O prazo para vagar o imóvel esgotou-se em 6 de novembro. Cristiane confirmou a mudança, mas afirmou que não podia dar mais detalhes.

Veja imagens da saída do parelha:

Juízo de Corretores de Imóveis se posiciona

O Juízo Regional de Corretores de Imóveis da 8ª Região (Creci-DF) divulgou nota sobre o caso nesta quarta-feira. Segundo a entidade, as irregularidades praticadas pelo parelha “ocorreram justamente por eles não verificarem a legitimidade da posse do respectivo imóvel por quem supostamente os alugados e, ainda, por não buscarem a realização deste suposto aluguel por imobiliária ou corretor de imóveis devidamente registrados junto ao Creci-DF ”.

“Trata-se de situação entre particulares a qual figura para do contextura de atuação deste juízo, restando às autoridades competentes a devida transporte do caso”, diz a nota.

Segundo alerta Geraldo Promanação, presidente do Creci-DF, todo cidadão deve consultar o órgão antes de fechar negócio com qualquer pessoa que se apresentar porquê profissional do mercado imobiliário, “justamente para confirmar se trata-se de um profissional ou de uma imobiliária devidamente registrada na autonomia ou um verosímil violador, garantindo, assim, um maior nível de segurança na negociação ”.

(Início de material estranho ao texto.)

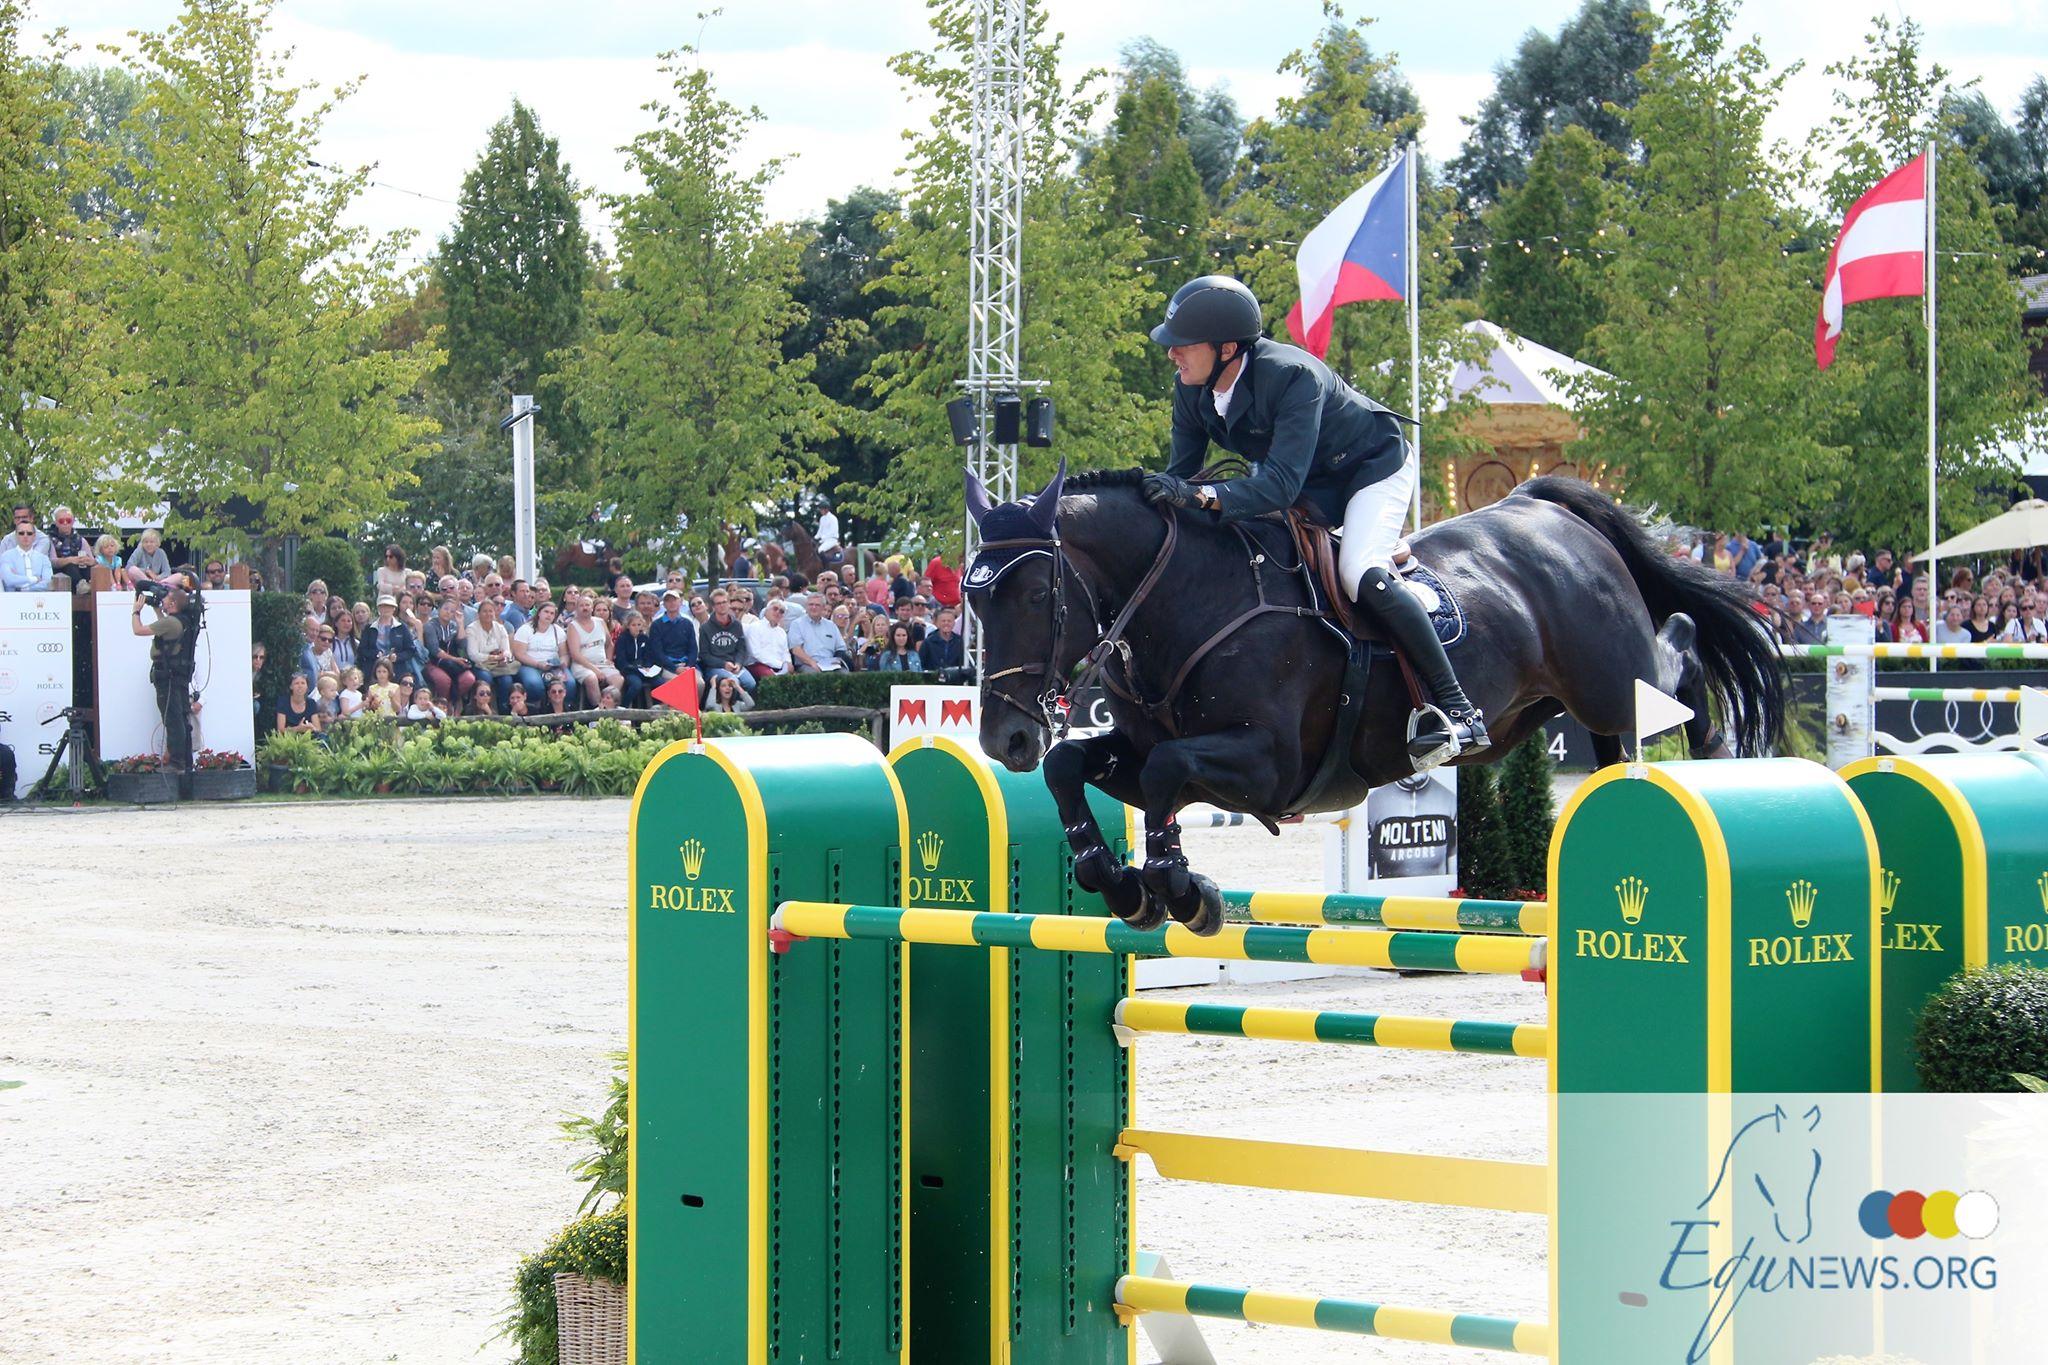 Nouveau cheval de Grand Prix pour Gregory Wathelet

“O Creci-DF segue firme em sua atuação contra as irregularidades, fiscalizando e disciplinando o mercado imobiliário e os profissionais registrados e, ainda, atuando de forma contundente junto ao Ministério Público e Polícia Social no combate aos contraventores e praticantes do treino ilícito da profissão . ”

“Aproveitamos para pedir a todos os amigos corretores de imóveis e moradores do Região Federalista que continuem denunciando por meio do Fala.BR qualquer ato que não condiz com uma profissão de corretor de imóveis, nem mesmo ao código de moral e legislações vigentes que regem uma profissão ”, finaliza a nota.